### Task prompt
Leave out the images and repeat the listing below without a single change.

### Extracted information
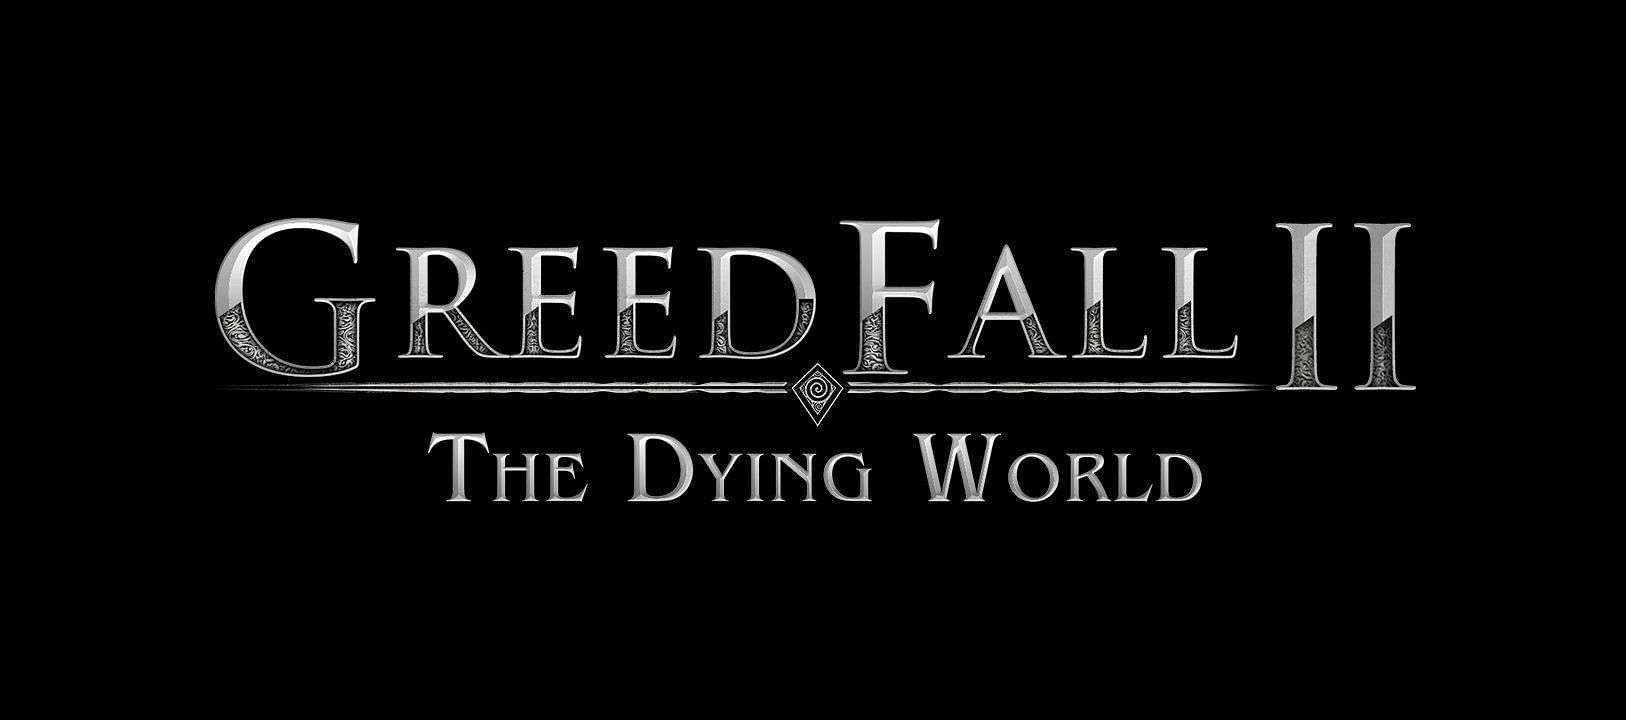 What to expect from GreedFall 2: The Dying World (Image via Twitter/Nibellion)
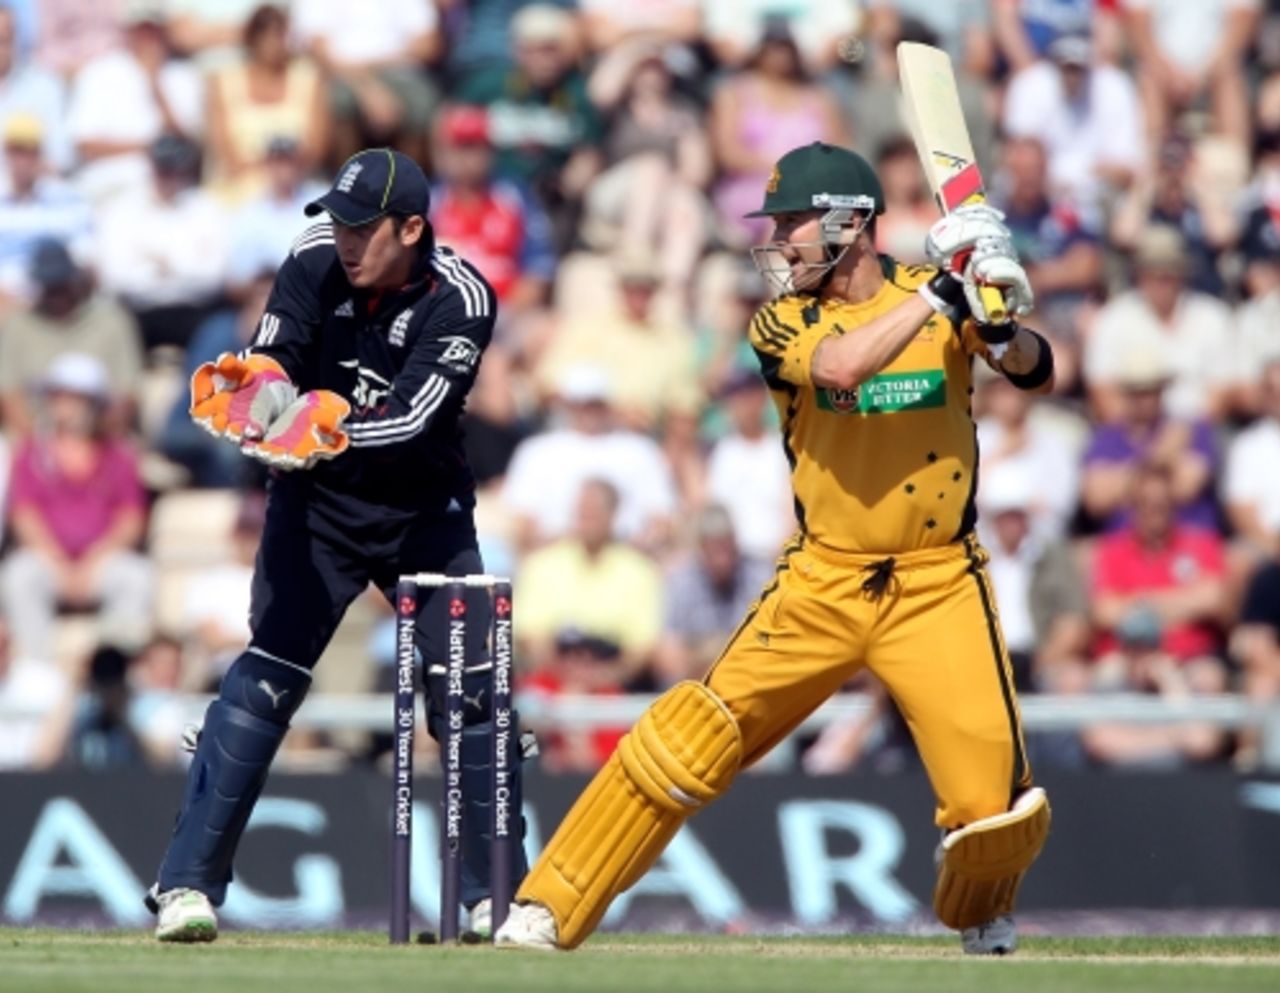 Michael Clarke cuts behind square on his way to a half-century, England v Australia, 1st ODI, Rose Bowl, June 22, 2010
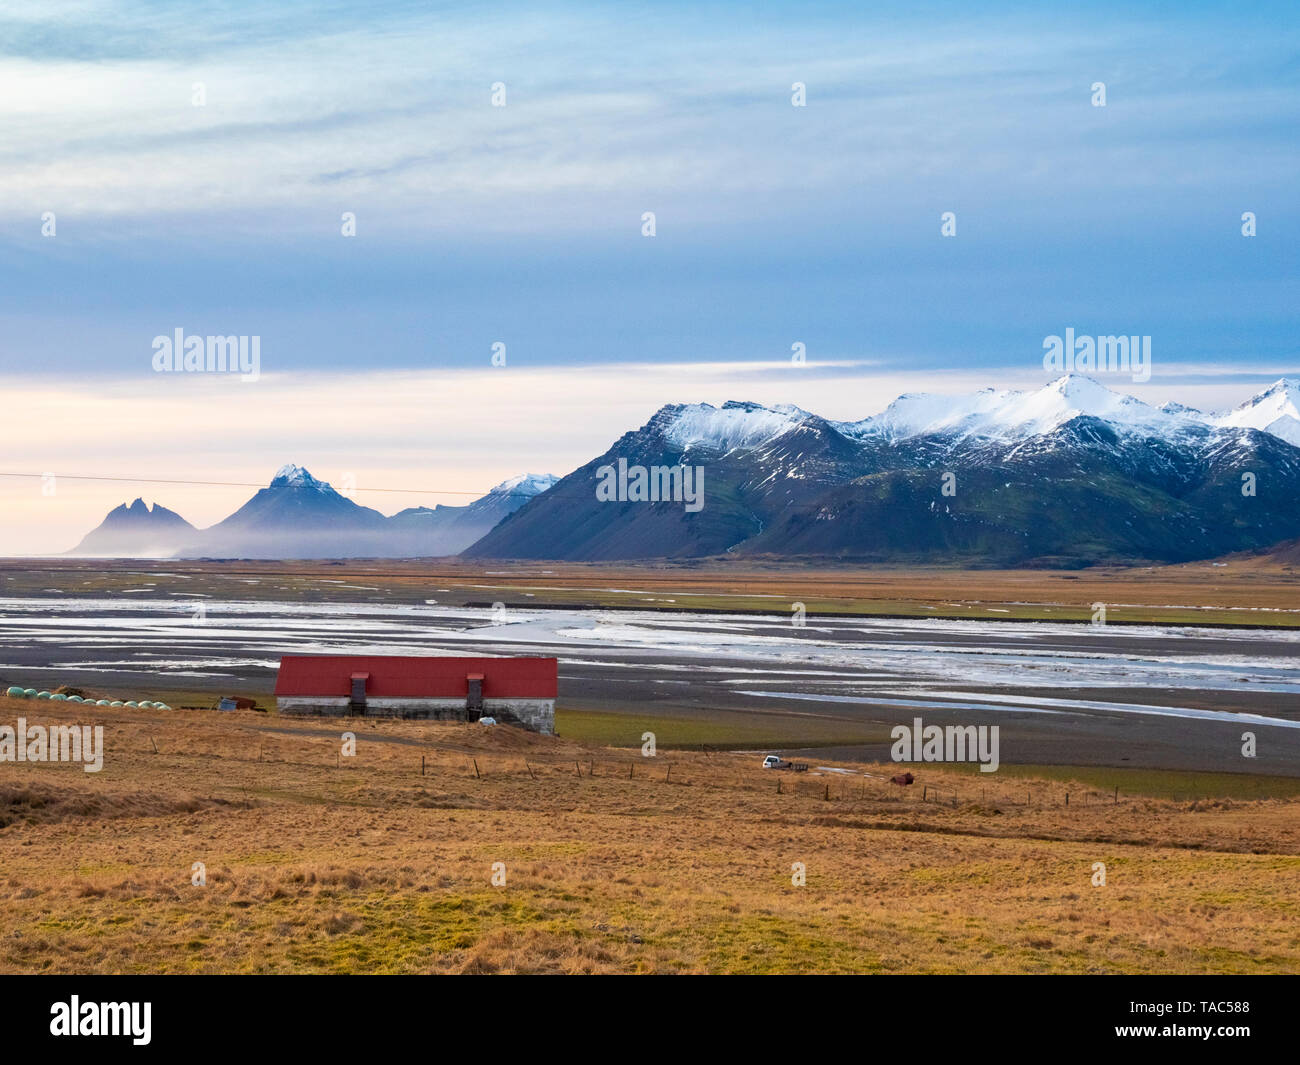 Iceland, Austurland, landscape with house and mountains on the way to Egilsstadir Stock Photo
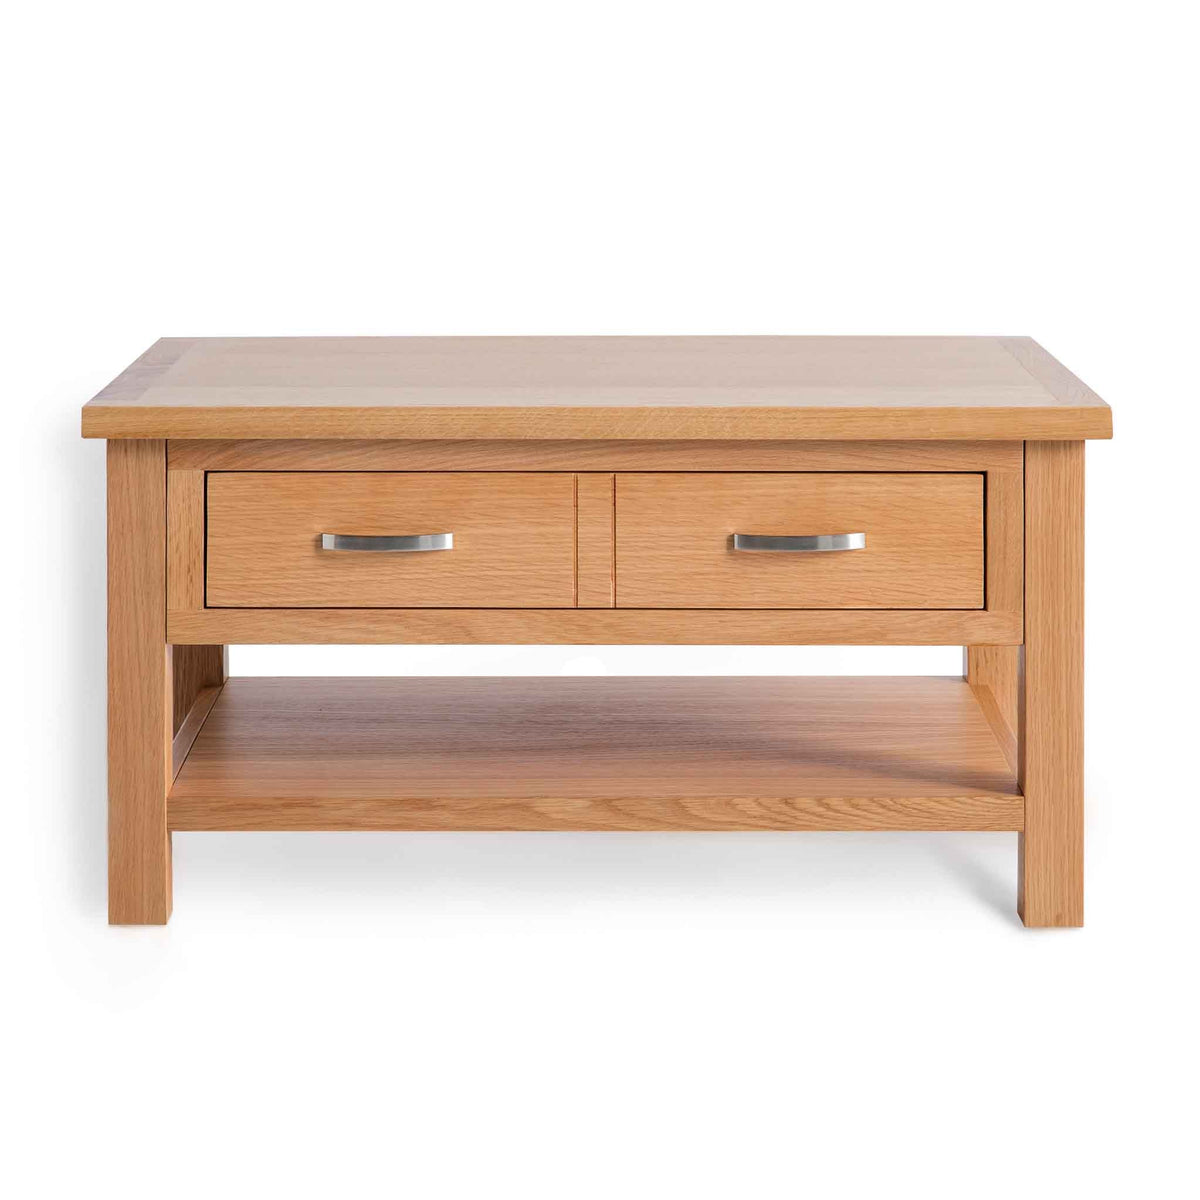 London Oak Coffee Table with Drawer by Roseland Furniture
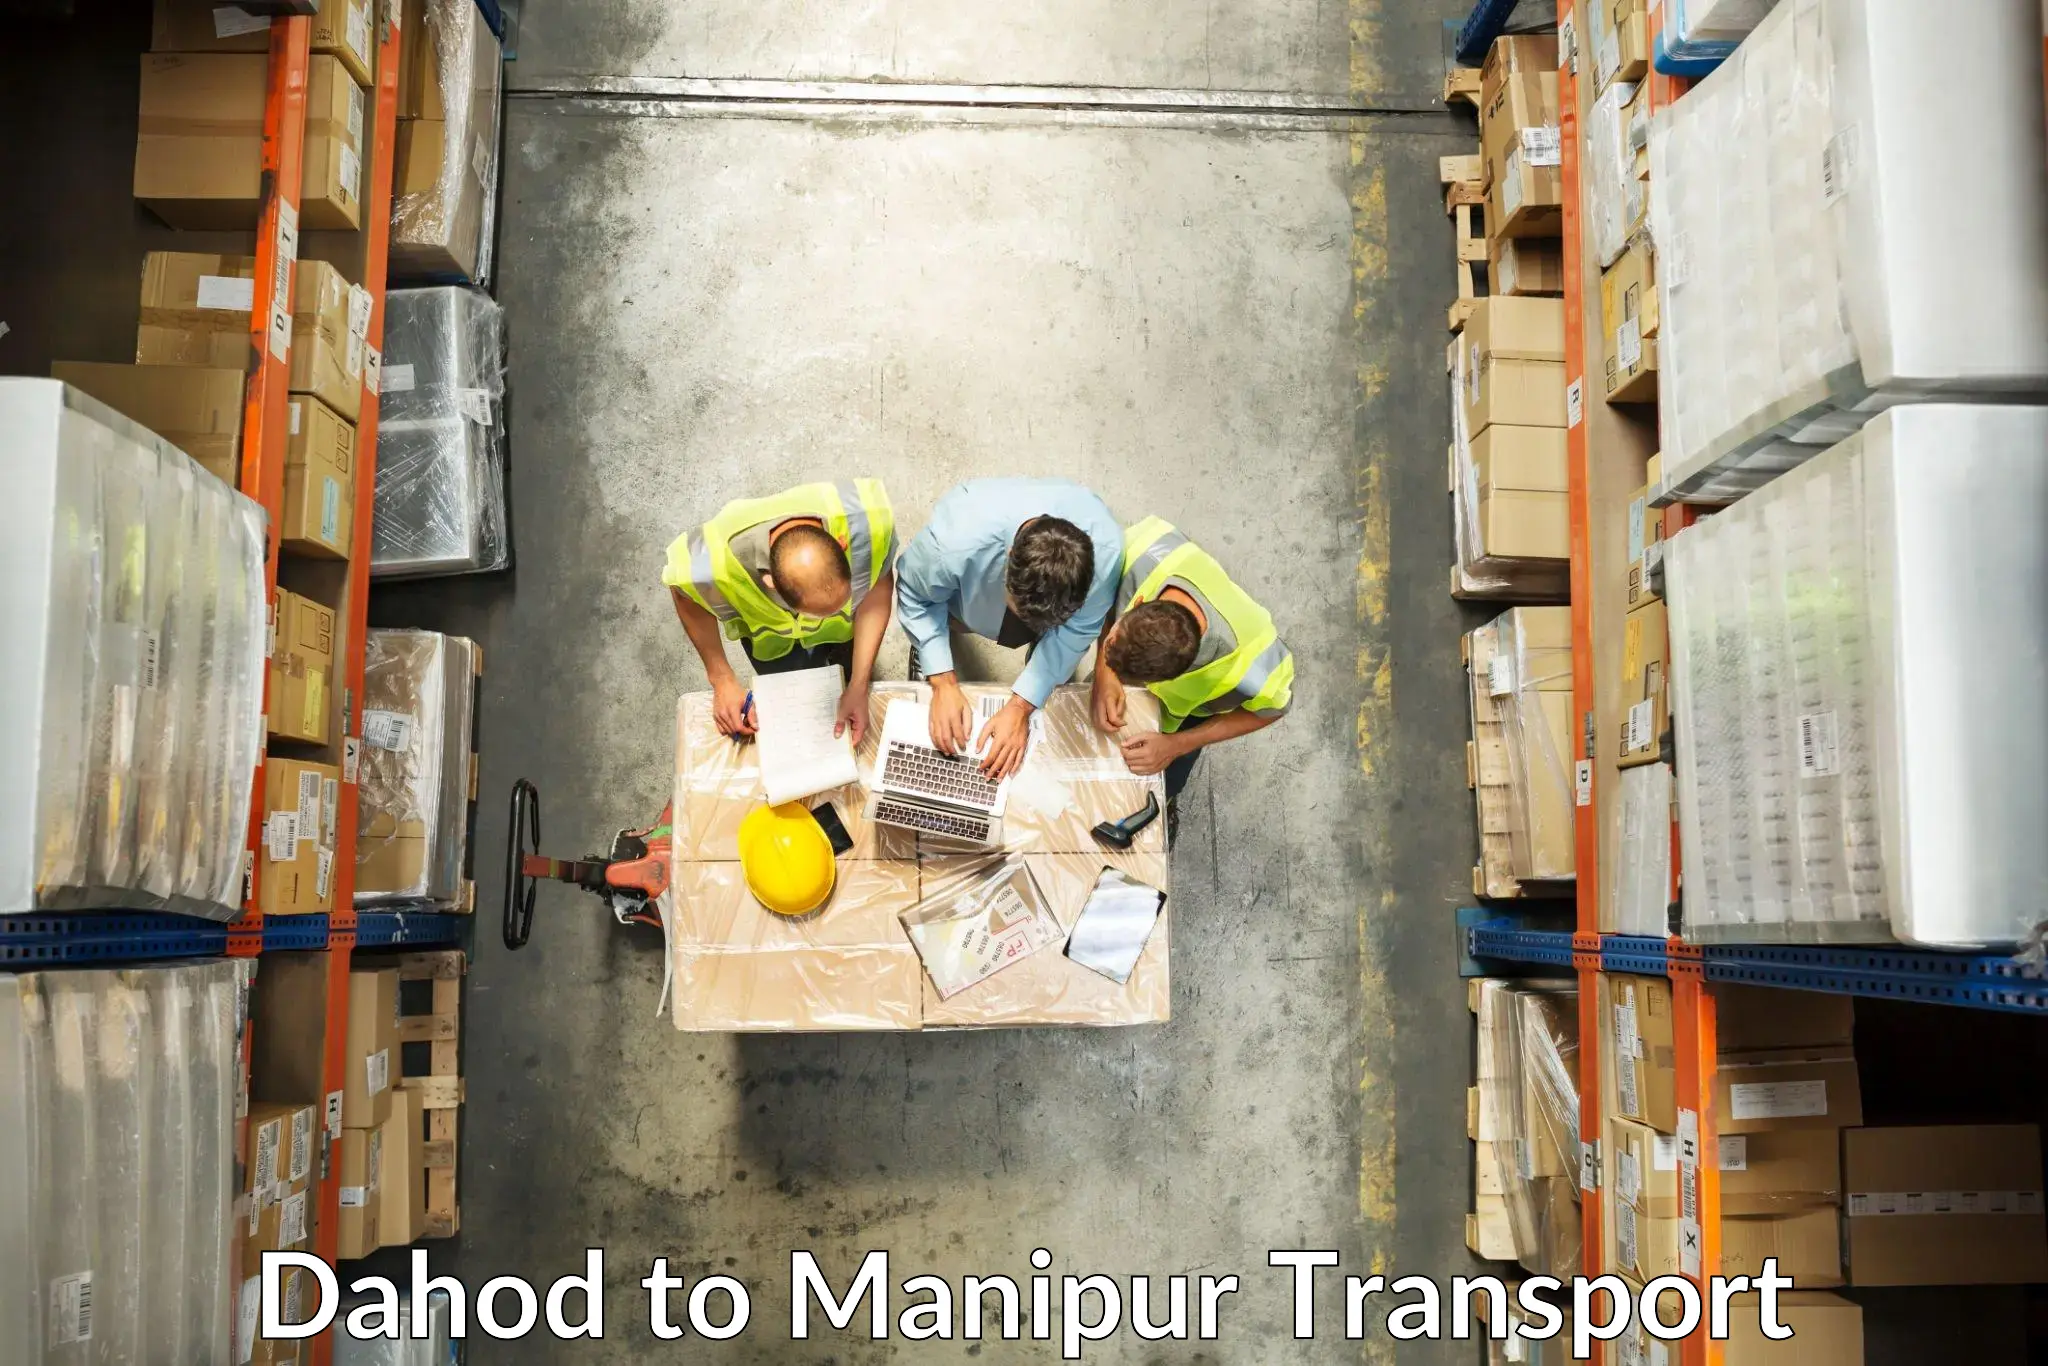 Container transport service Dahod to Manipur

### Task answer
 What to expect from GreedFall 2: The Dying World (Image via Twitter/Nibellion)
 Michael Clarke cuts behind square on his way to a half-century, England v Australia, 1st ODI, Rose Bowl, June 22, 2010
 Iceland, Austurland, landscape with house and mountains on the way to Egilsstadir Stock Photo
 London Oak Coffee Table with Drawer by Roseland Furniture
 Container transport service Dahod to Manipur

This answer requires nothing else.